Week 4 : Dawn Of The AI
This week involved many things. We had a chance to interact with many ETC faculty during the 1/4 walkarounds. This was a great chance for us to showcase what we had accomplished to far and talk about our direction. We ran AI training multiple times with different model structures and hyperparameter values. Unfortunately, we could never achieve a win rate of more than 15.7% which means that we still have a lot of work to do towards the machine learning aspect of the project. Meanwhile, we also came up with a Unity frontend system for visualizing the gameplay and created a Django (python) website on localserver that gives designers a simple GUI to edit card values and even create new ones.
Feedback from Quarter Walkarounds
Here’s a list of some of the most important feedback we received:
- We need to come up with one or two metrics that we ‘target’. By targeting a metric, we want to measure the impact of making game balance updates on these metrics. For example, one of the metrics that we are leaning towards is win rate. By focusing on win rate, we can put game balance changes in perspective to judge whats good and whats not.
- We need to reach out people in the reinforcement learning space who can help us out with the AI part. Since this space is technically challenging and it is is still quite unexplored, it would be a good idea to get in touch with someone more experienced in the space.
- We need to create an organized system that can help game designers interact with the AI. This can be to help with inference from general statistics by creating data visualizations or even an interface to train the AI after making game design updates.
- We need to write a paper as our final deliverable. This makes sense because what we are doing is highly exploratory. A good to extract value from the work that we have done is to document it all for people who may want to work in the same space after us.
AI Training Experiments
This week involved a lot of AI training experiments. In all honesty, none of our experiments were successful. The highest win rate that we ever got was 15.7% and that is not very good. However, it is still a little better than a random bot. There were two models that we implemented this week:
Model 1 : Single Model With All Input Data
This is a single model that takes in all of the state input at the same time. This results in 98 input neurons that look like the following:
The output consists of estimated Q-values for each card. The neural network is setup to estimate the expected reward values from playing each card given a particular state. The AI agent will then go ahead and play the playable card with the highest Q-value. This does not always mean that the card with highest Q-value gets played since it might not be possible to play that card (player energy, card not in hand, etc).

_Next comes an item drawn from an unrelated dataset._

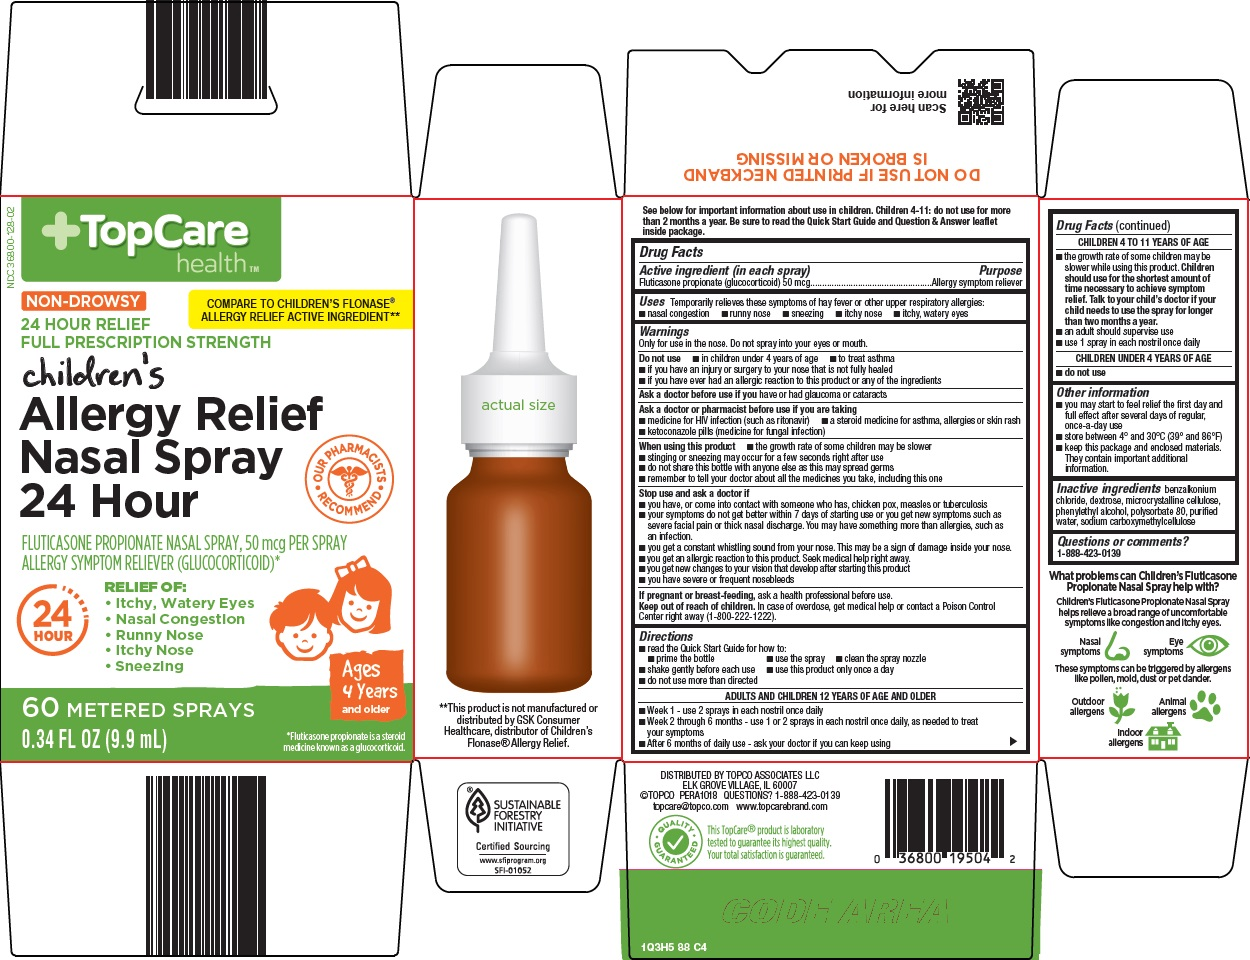 1q3-88-childrens-allergy-relief-nasal-spray-24-hour.jpg

There were several issues with this model that we had to iron out as we ran training. For one, the estimated Q-values were getting very large and would eventually resulted in a Nan error. This was rectified by changing the activation function of the middle layers to sigmoid instead of relu. We also tried regularization as a way to handle this but that resulted in the estimated Q-values being too small.
All in all, we got the model to work but it did not show any improvement in the average reward over the duration of the training. Perhaps, it is difficult for the AI to infer insights from the data because too much of it is being presented at once inconsistently.
Model 2 : Multiple Small Models Each Predicting Independently
The other model we implemented involved getting rid of a single big model but instead making multiple small models. For the sake of experimentation, we created three smaller models as follows:
- Buff Model – Consists of 7 input neurons, each indicating whether a certain buff is present on the player (or boss).
- Cards Model – Consists of 13 input neurons indicating which cards are in the players hand. One additional neuron to indicate player’s energy level.
- Boss Intent Model – Consists of 7 inputs neurons, indicating what is boss’s intent. Out of the 98 values that indicate the game’s current state in model 1, here we are only taking 7 + 13 + 7 of them. By filtering out some of the information, we are losing out out on the AI’s knowledge of the state space but at the same time we want to try this out to see if the AI does any better.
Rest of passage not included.